Over the last year, the economic impact of the pandemic has affected people in various ways — including being able to afford groceries.

“We have a lot of families coming in. We have single moms with their kids coming in. We have whole families. We’ve got a trailer court that’s not far from here that we just get kids coming by themselves after school,” said Mark Meier, the founder of Heavens Helpers Soup Cafe.

With the warmer months ahead, Heavens Helpers Soup Cafe in Bismarck says the summer months are the busiest for them, especially with kids.

“Because they’re out and about. They’re riding their bikes. And they know they can stop in here anytime for a good meal,” explained Meier.

With kids being out of school soon for summer break, organizations like the Great Plain Food Bank have identified the need for free meals in the community.

“A lot of them relied on those school meals that they would get especially this year because most places breakfast and lunch was free to those kids.
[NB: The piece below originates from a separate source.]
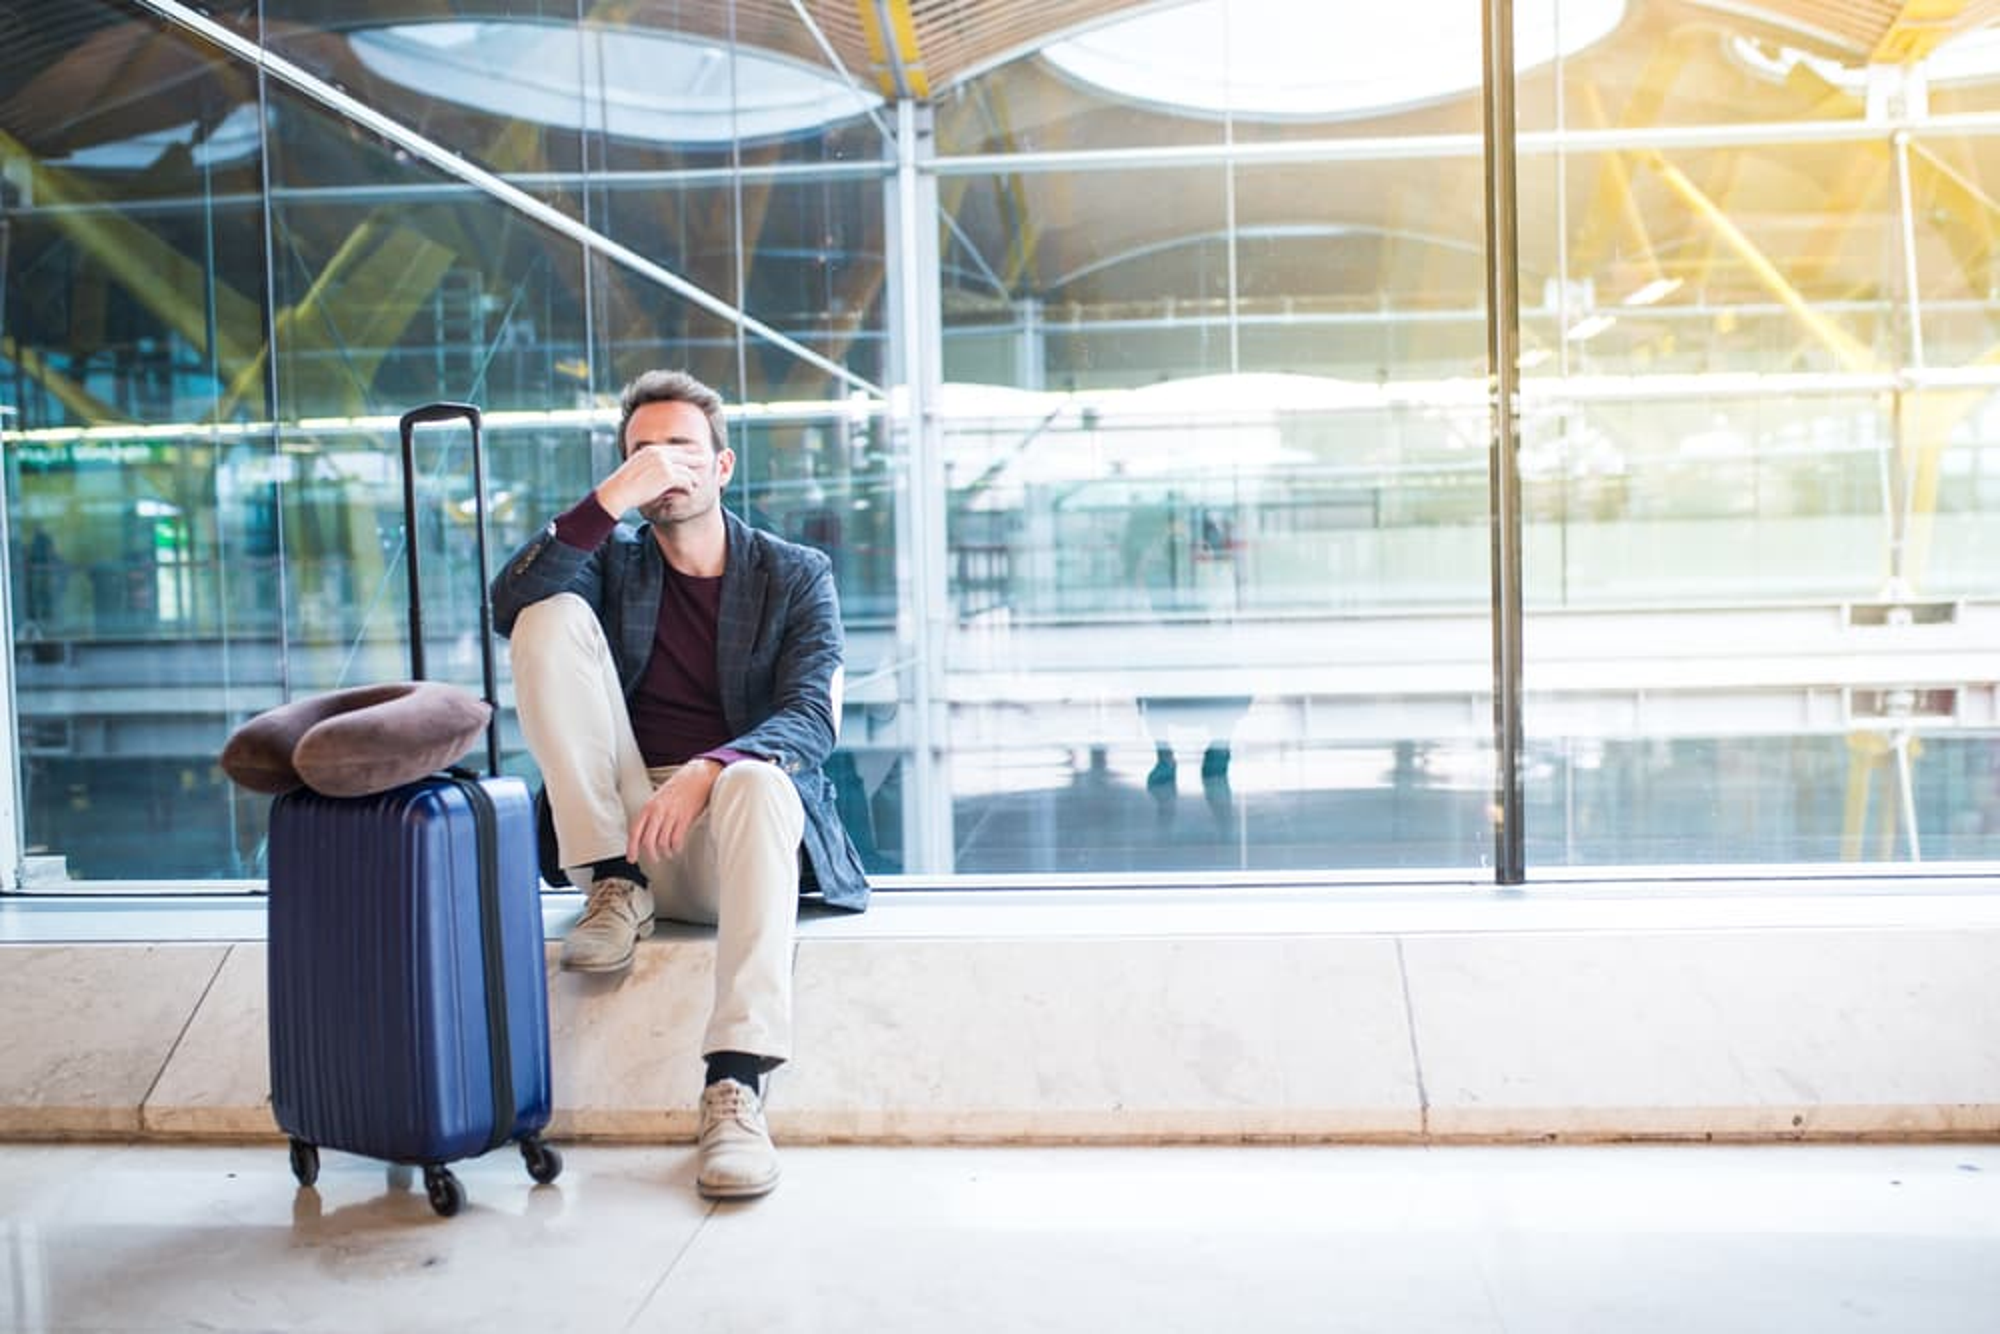 Annulation ou imprévu de voyage
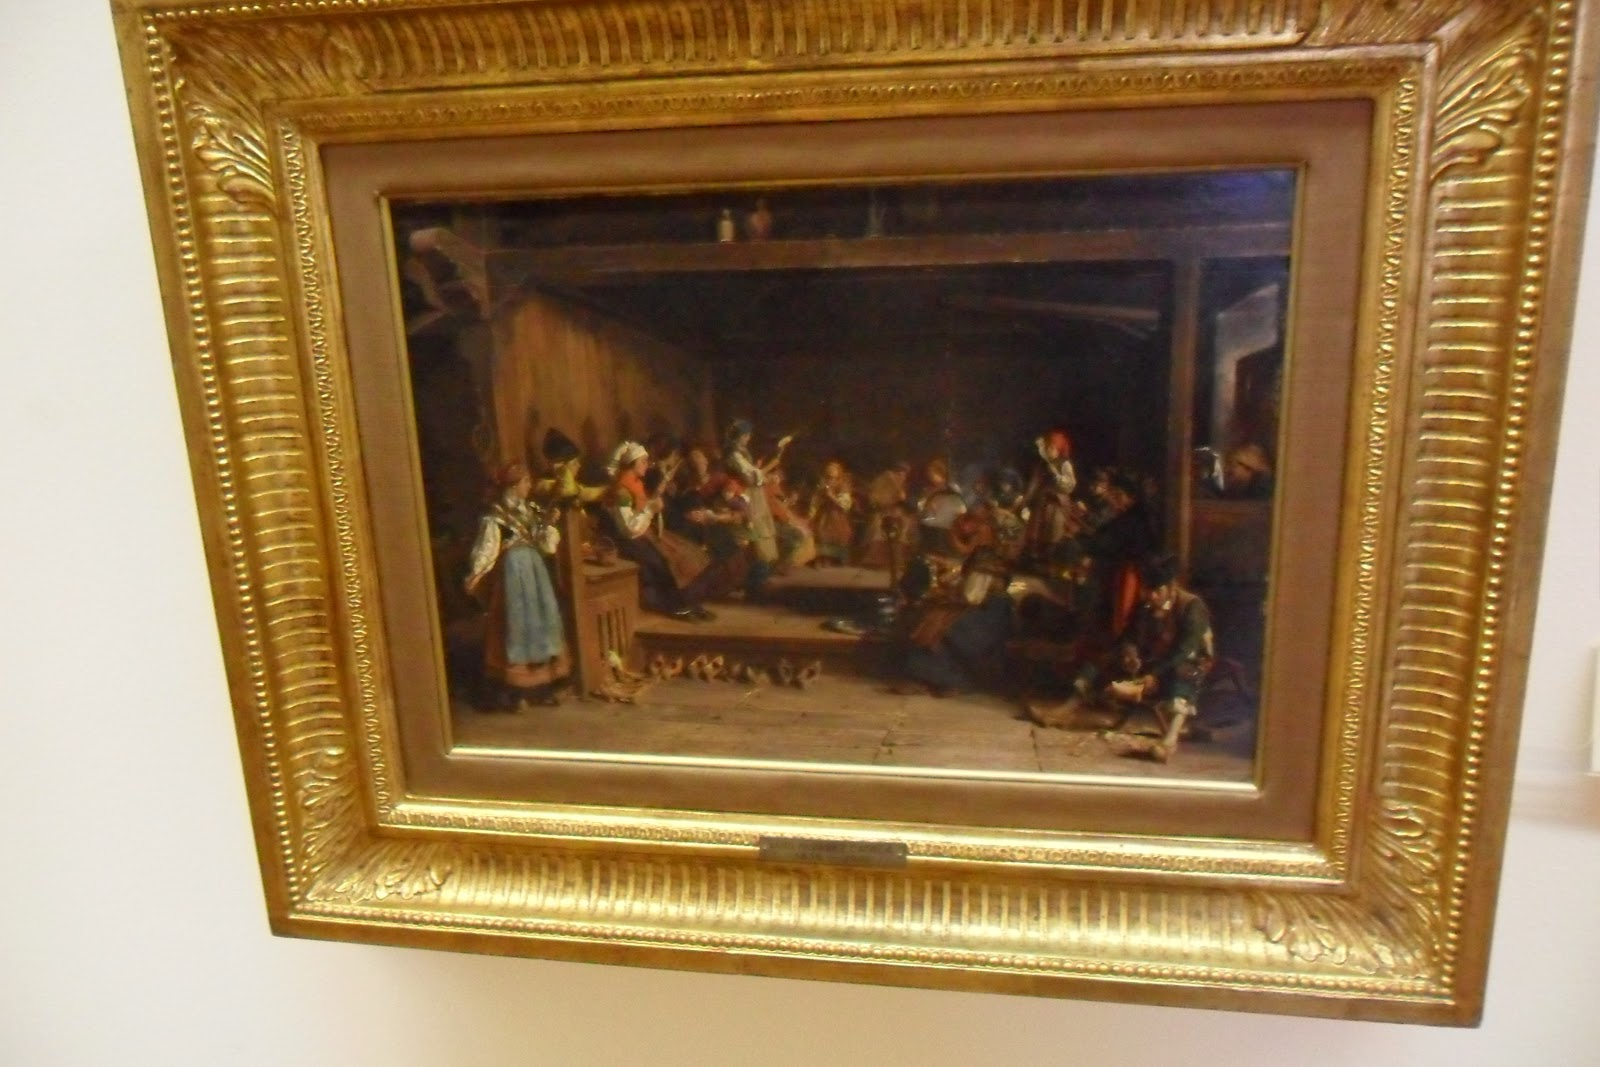 Tuttifrutti asturias vista por pintores asturianos s xix - Pintores en asturias ...

So going into the summer a lot could worry about where their next meal was going to come from,” said Jenae Meske, the program manager of the Youth Summer Meals for the Great Plains Food Bank.

With record numbers over the last year, the food bank has more than doubled to 18 locations across the state for their Youth Summer Meals program; with locations in Grenora, Trenton and Bismarck.

This year they’re adding a little more to the menu.

“So it’s going to have a green component. Couple different fruit and veggie options, a protein and milk. All of that will be prepackaged together, specifically to our Bismarck site at Kiwanis Park, it will be a box. So each kid will get a box like this and it will have 5 days worth of meals in there,” explained Meske.

The food bank is expecting to serve over 840 kids at the various sites throughout the summer.

Before the pandemic kids would have to eat on-site, but since then the USDA has issued waivers, granting families the opportunity to take meals and food home with them.